Ever since AMD released their EPYC CPU for servers I wanted to test it, but I did not have the opportunity until recently, when Packet.net started offering bare metal servers for a reasonable price. So I started a couple of instances to test Percona Server for MySQL under this CPU. In this benchmark, I discovered some interesting discrepancies in performance between  AMD and Intel CPUs when running under systemd .

The set up

To test CPU performance, I used a read-only in-memory sysbench OLTP benchmark, as it burns CPU cycles and no IO is performed by Percona Server.

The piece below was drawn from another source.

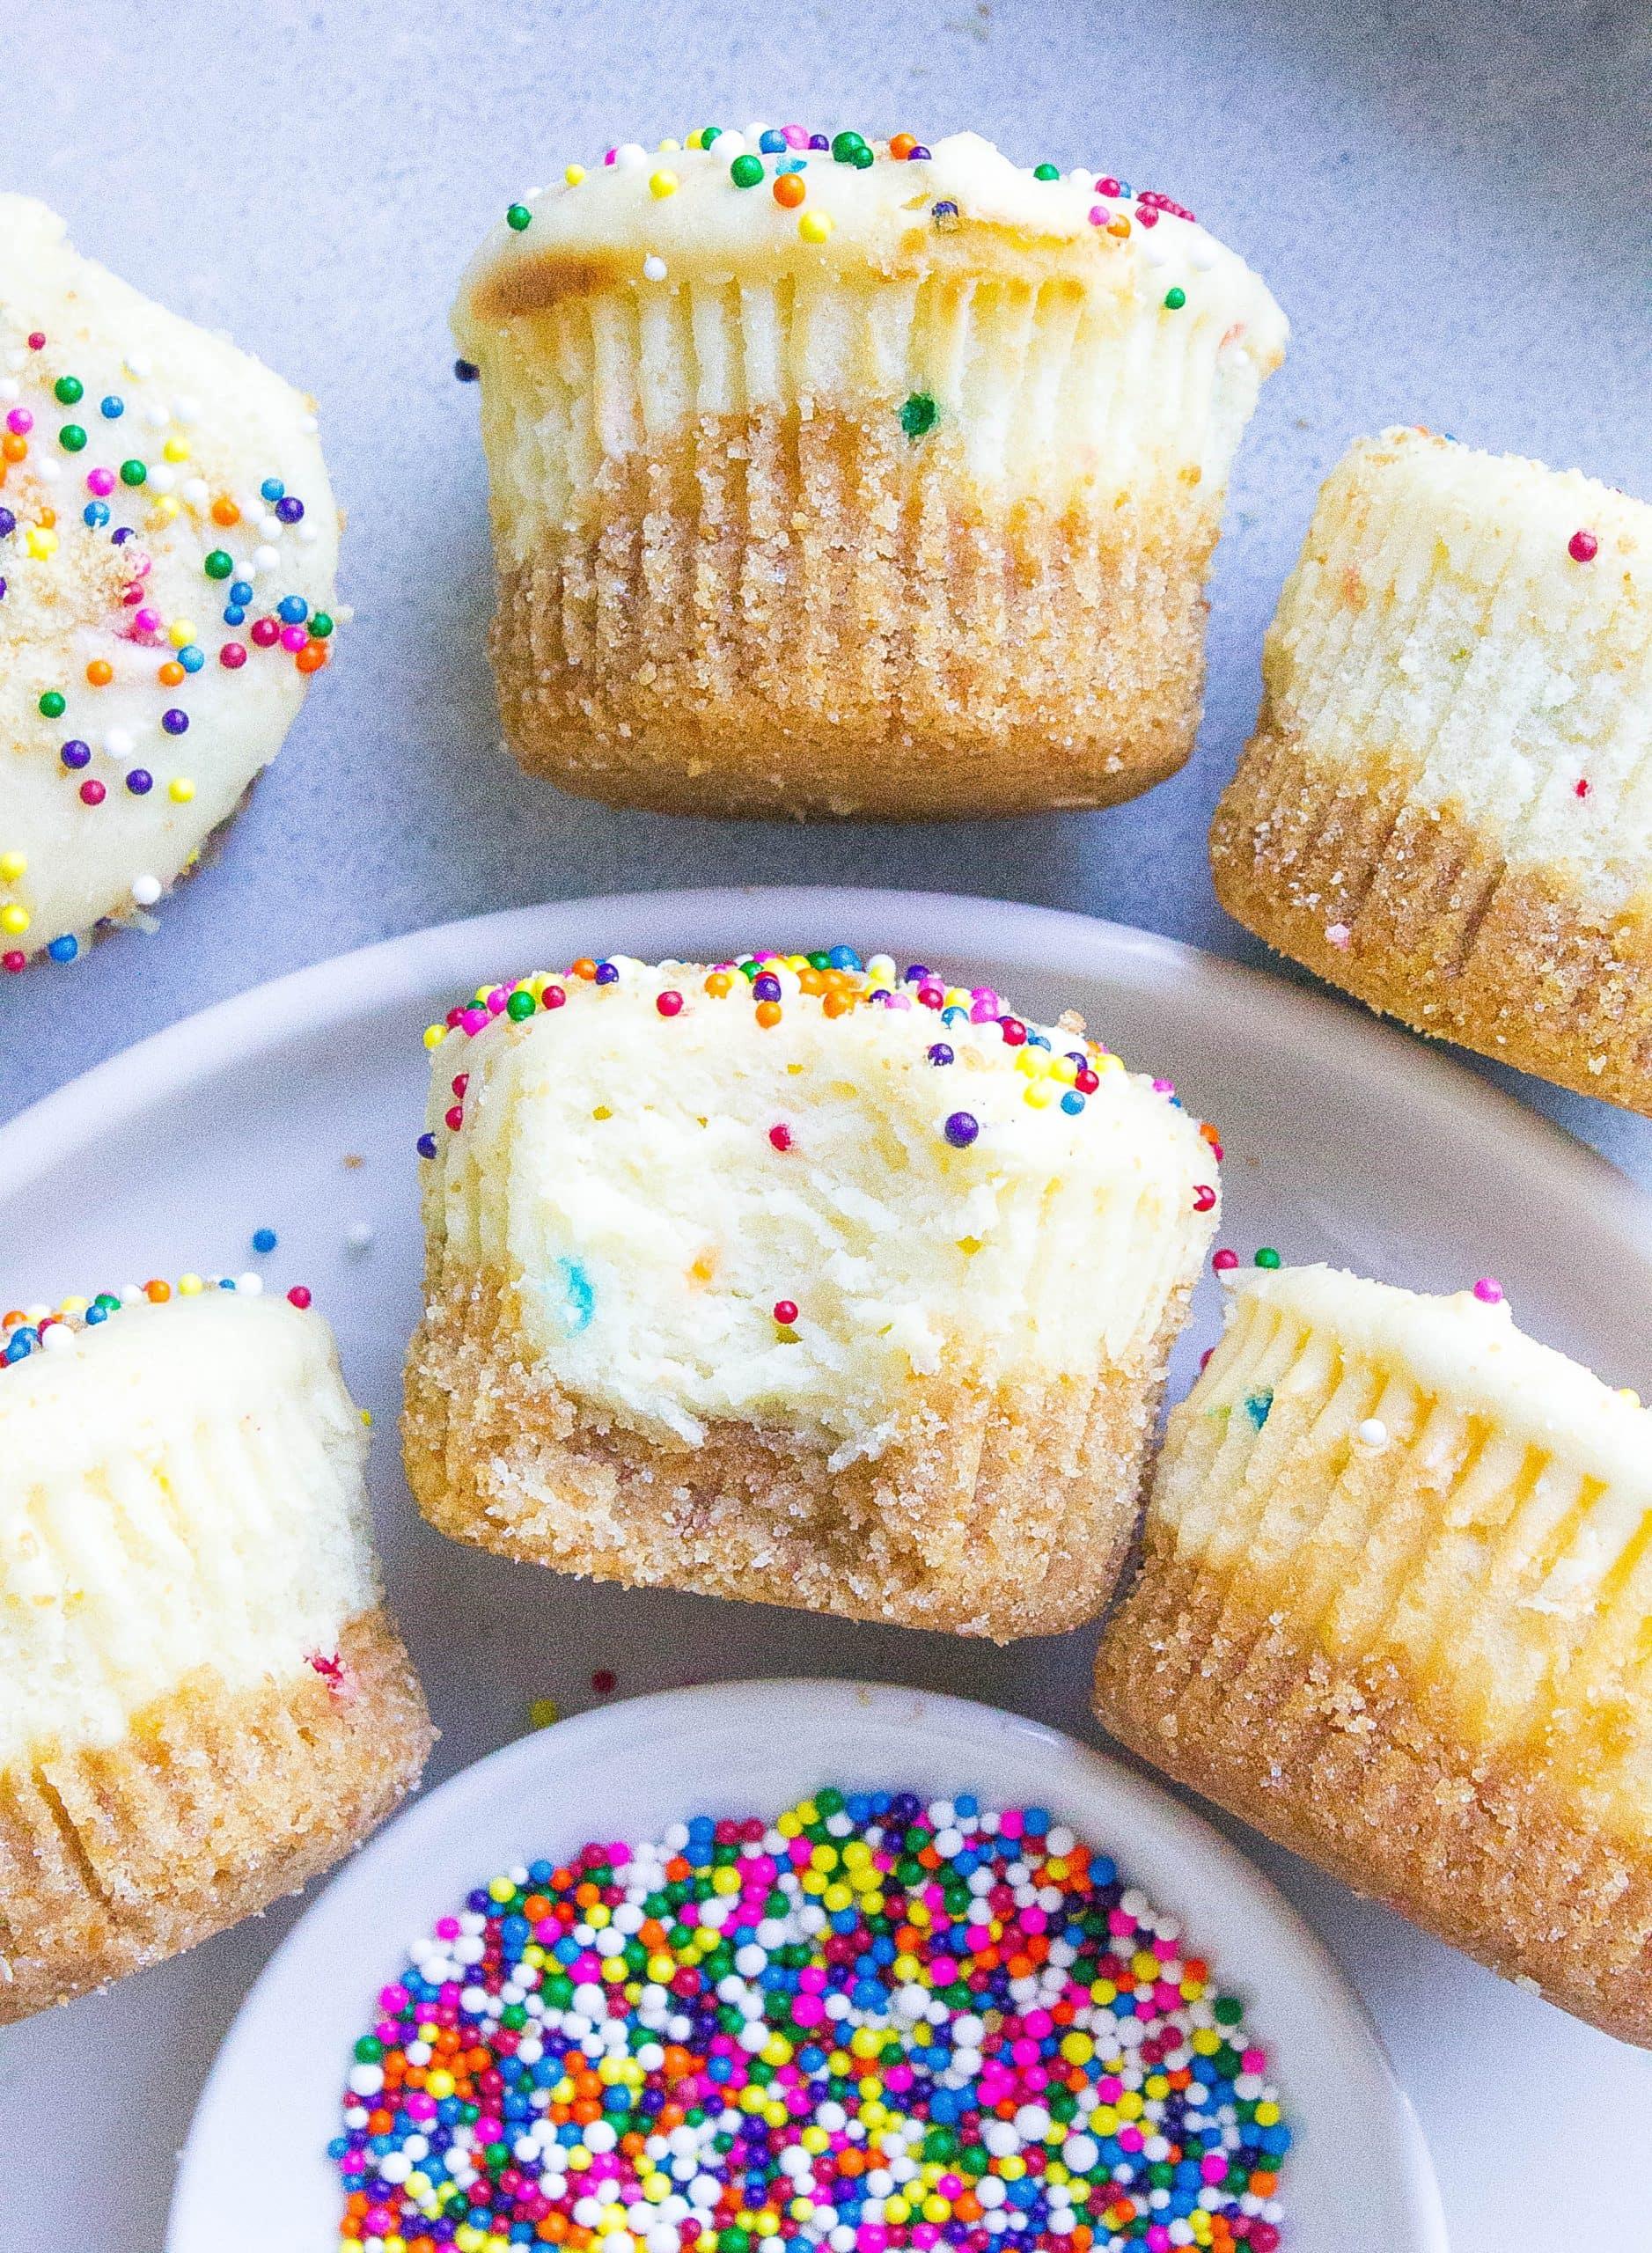 Funfetti 'Dunkaroo' Cheesecake Bites

For this benchmark I used Packet.net c2.medium.x86 instances powered by AMD EPYC 7401P processors. The OS is exposed to 48 CPU threads.

For the OS I tried

  • Ubuntu 16.04 with default kernel 4.4 and upgraded to 4.15
  • Ubuntu 18.04 with kernel 4.15
  • Percona Server started from SystemD and without SystemD (for reasons which will become apparent later)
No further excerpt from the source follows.